Stephen E Arnold, November 28, 2018
Amazonia for November 26, 2018
November 27, 2018
The little ecommerce company has been beavering away.
Amazon Basics Now Includes ARM Server CPUs
One of Amazon’s stealth technologists announced AWS Graviton Processor. Amazon offers up a few details at this link. Lower cost, specialized capabilities, and proof that Amazon is thinking hardware thoughts. IBM markets its cloud capabilities and Microsoft tries to keep Azure alive and well, Amazon powers into a new space. Who wrote about these chips? None other than Jeff Barr. Trust the Beyond Search goose. This is a pivotal member in the Bezos Brain Bucket.
Amazon Sells a Lot over the Holiday
Although the source is not the most reliable, Bloomberg reports that Amazon sold more products in five days in the Thanksgiving interval than it did in 2017. Hard numbers? How about 18 million toys. Ah, Bloomberg. Get the scoop at this link. The Street says that Amazon sold $8 billion in stuff on one day. What about the mom and pop hobby store in Paducah, Kentucky? Oh, it closed. Too bad.
New Gizmo Coming?
IEEE Spectrum drops a lot of buzzwords suggesting that Amazon’s secretive Lab126 is working on new products. IEEE suggests that a paper outfit is connected to Amazon. The outfit is Chrome Enterprises, and it may be working on a faster, better, and probably cheaper way to do wireless magic. The report includes this soothing paragraph:
Cupertino’s branch of MassageEnvy is fewer than 500 meters from a satellite Lab126 building, called SJC3.
Amazon Offers Free Online Class to Train You to Use AWS
ZDNet reported that Amazon offer free training.

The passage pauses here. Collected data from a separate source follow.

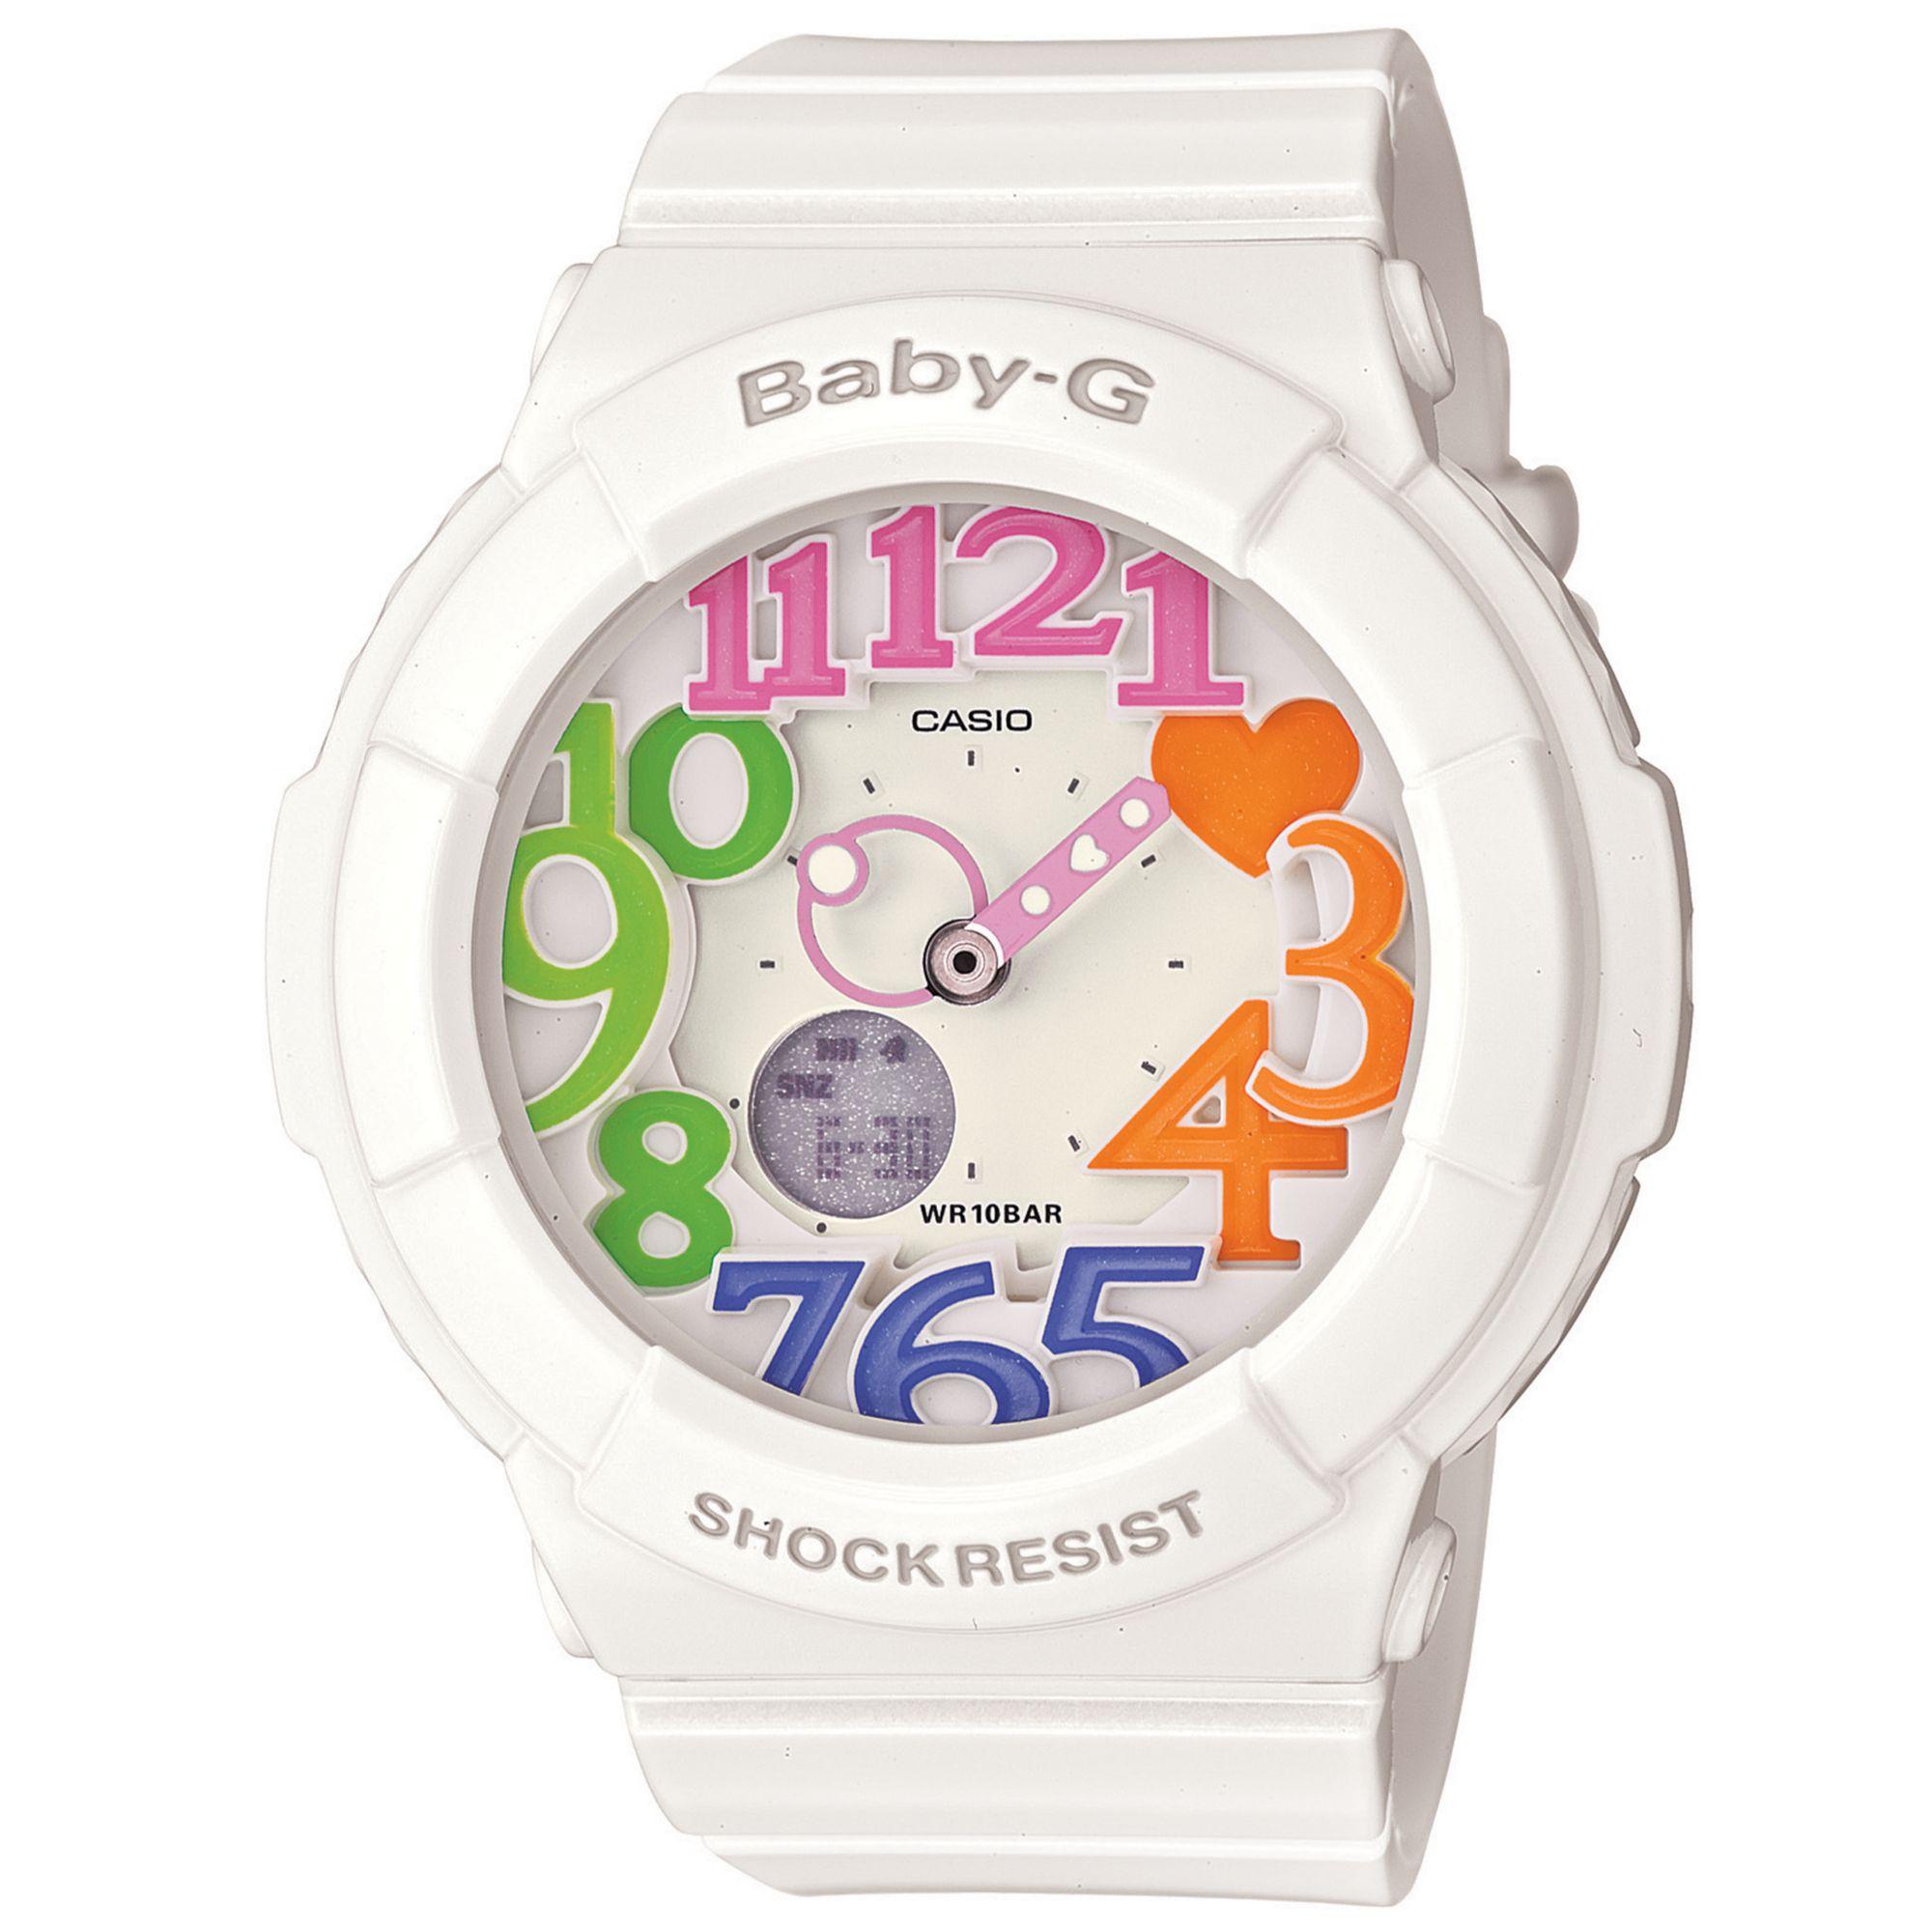 Lyst - G-Shock Babyg Womens Analogdigital White Resin Strap Watch ... b44f1e911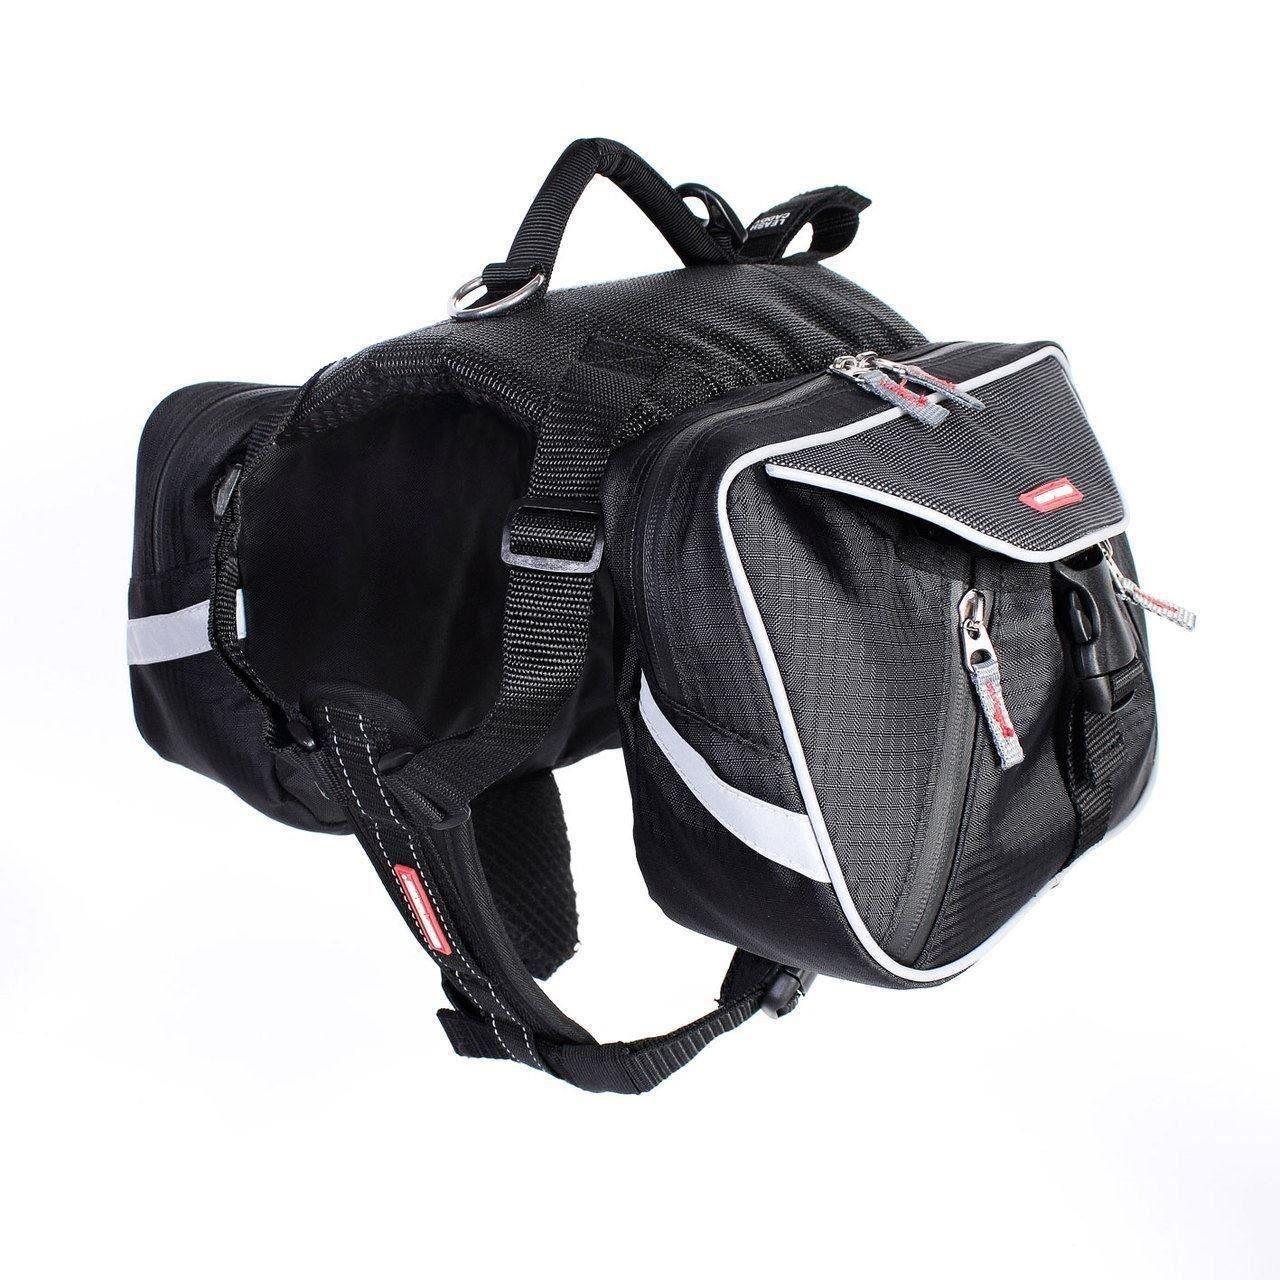 Large EzyDog High Quality Summit Dog Backpack Saddle Bags Outdoor Walking Travel Large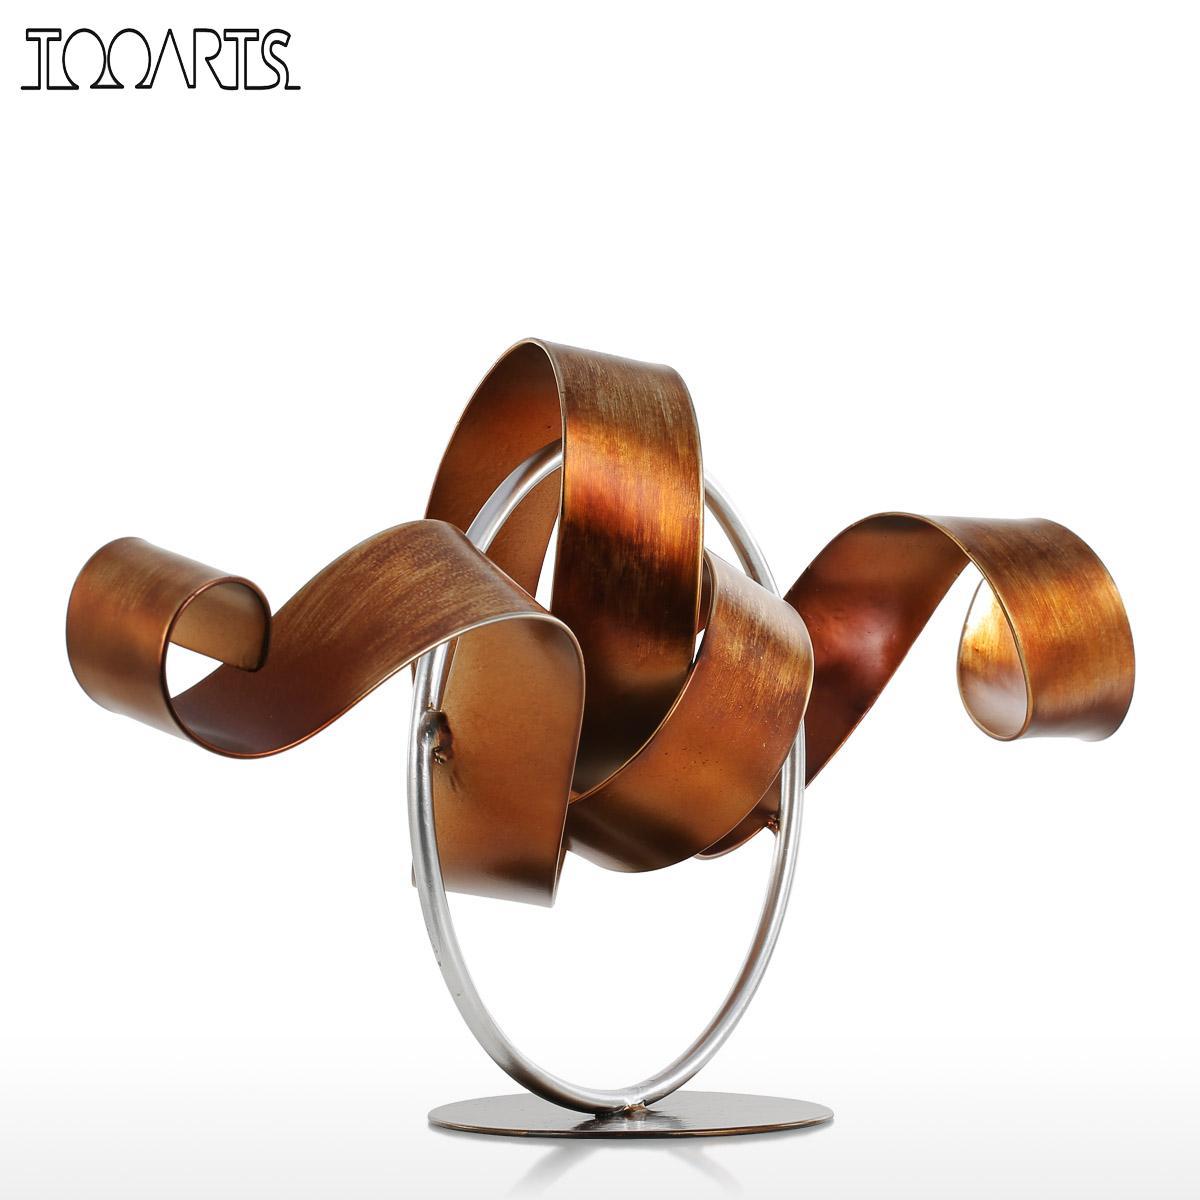 uncommongoods heart decorations office home desktop desk hand sculpture garden sculptures

The idea is that Amazon will teach you to use Sagemaker, DeepLens, and other AWS smart software. Hey, if the universities cannot do the job, Amazon can. The write up stated:
The company has over 30 online machine-learning courses, including video, labs, and documentation that have been used within Amazon for the past 20 years.
Here’s another Amazon wizard’s name to note: Dr Matt Wood, AWS’s general manager of artificial intelligence.
How do you know you have passed the course. Well, you pay $300 for an AWS SAT type test, of course.
Has Microsoft got the Windows 10 update working yet? What about Azure log ins? Two Seattle companies. Which has momentum?